Monitoring and Alerting
Key Metrics
Metric | Description | Warning Threshold | Critical Threshold |
---|---|---|---|
shipping_rate_calculation_rate | Rate calculations per minute | < 10 | < 2 |
shipping_label_generation_success | Label generation success % | < 98% | < 95% |
carrier_api_response_time | Carrier API response time | > 2s | > 5s |
carrier_api_error_rate | Carrier API errors % | > 2% | > 5% |
tracking_update_processing_rate | Tracking updates processed per minute | < 50 | < 10 |
shipment_tracking_lag | Delay in tracking information | > 15m | > 1h |
Dashboards
Common Alerts
Alert | Description | Troubleshooting Steps |
---|---|---|
ShippingServiceHighErrorRate | Shipping API error rate above threshold | See High Error Rate |
ShippingCarrierAPIDown | Carrier API connection issues | See Carrier API Issues |
ShippingServiceHighLatency | Shipping service latency issues | See High Latency |
ShippingServiceDatabaseIssues | Database connection issues | See Database Issues |
Troubleshooting Guides
High Error Rate
If the service is experiencing a high error rate:
Check application logs for error patterns:
kubectl logs -l app=shipping-service -n shipping --tail=100
Check specific error types:
kubectl exec -it $(kubectl get pods -l app=shipping-service -n shipping -o jsonpath='{.items[0].metadata.name}') -n shipping -- java -jar /app/tools/error-analyzer.jar --last-hour
Check for patterns in failed shipments:
kubectl exec -it $(kubectl get pods -l app=shipping-service -n shipping -o jsonpath='{.items[0].metadata.name}') -n shipping -- java -jar /app/tools/failed-shipments-analyzer.jar
Check for recent deployments that might have introduced issues:
kubectl rollout history deployment/shipping-service -n shipping
Verify if the issue is specific to a carrier (FedEx, UPS, etc.):
kubectl exec -it $(kubectl get pods -l app=shipping-service -n shipping -o jsonpath='{.items[0].metadata.name}') -n shipping -- java -jar /app/tools/carrier-success-rates.jar
Carrier API Issues
If there are issues with carrier APIs:
Check carrier API connectivity:
kubectl exec -it $(kubectl get pods -l app=shipping-service -n shipping -o jsonpath='{.items[0].metadata.name}') -n shipping -- java -jar /app/tools/carrier-health-check.jar
Check carrier API credentials and rotation status:
kubectl exec -it $(kubectl get pods -l app=shipping-service -n shipping -o jsonpath='{.items[0].metadata.name}') -n shipping -- java -jar /app/tools/check-carrier-credentials.jar
Check carrier status pages for announced outages:
Check carrier timeouts in application logs:
kubectl logs -l app=shipping-service -n shipping | grep "carrier timeout"

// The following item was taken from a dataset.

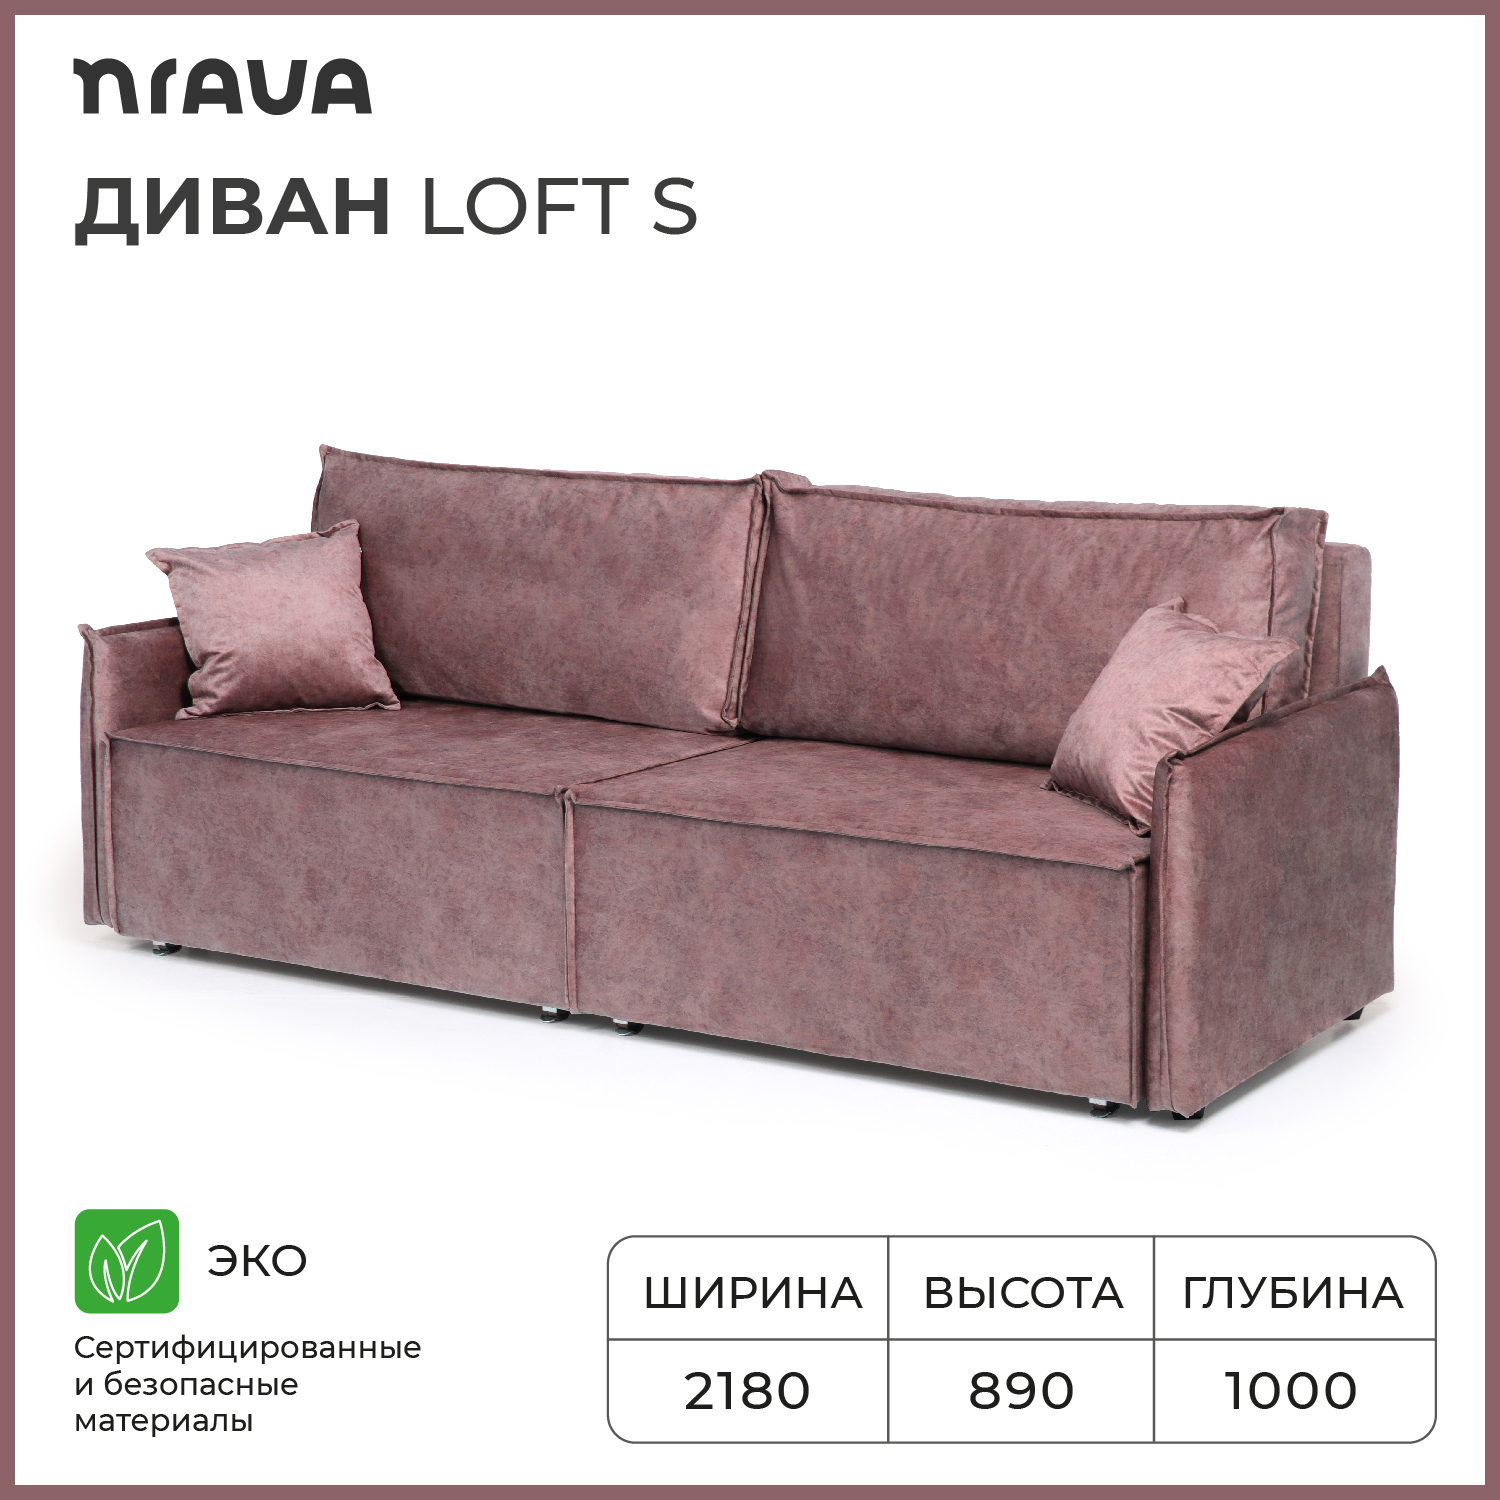 Диван-кровать NRAVA Loft S 2180х1000х890

Enable fallback shipping carrier:
kubectl exec -it $(kubectl get pods -l app=shipping-service -n shipping -o jsonpath='{.items[0].metadata.name}') -n shipping -- curl -X POST localhost:8080/internal/api/shipping/enable-fallback-carrier -H "Content-Type: application/json" -d '{"primaryCarrier": "fedex", "fallbackCarrier": "ups", "reason": "FedEx API outage"}'
High Latency
If the service is experiencing high latency:
Check system metrics:
kubectl top pods -n shipping
Check JVM memory and GC metrics:
kubectl exec -it $(kubectl get pods -l app=shipping-service -n shipping -o jsonpath='{.items[0].metadata.name}') -n shipping -- java -jar /app/tools/jvm-metrics.jar
Check MongoDB performance:
kubectl exec -it $(kubectl get pods -l app=mongodb -n data -o jsonpath='{.items[0].metadata.name}') -n data -- mongo --eval "db.currentOp()"
Check carrier API response times:
kubectl exec -it $(kubectl get pods -l app=shipping-service -n shipping -o jsonpath='{.items[0].metadata.name}') -n shipping -- java -jar /app/tools/carrier-response-times.jar
Scale the service if needed:
kubectl scale deployment shipping-service -n shipping --replicas=5
Database Issues
If there are MongoDB issues:
Check MongoDB status:
kubectl exec -it $(kubectl get pods -l app=mongodb -n data -o jsonpath='{.items[0].metadata.name}') -n data -- mongo --eval "rs.status()"
Check for slow queries:
kubectl exec -it $(kubectl get pods -l app=mongodb -n data -o jsonpath='{.items[0].metadata.name}') -n data -- mongo --eval "db.currentOp({ 'active': true, 'secs_running': { '$gt': 5 } })"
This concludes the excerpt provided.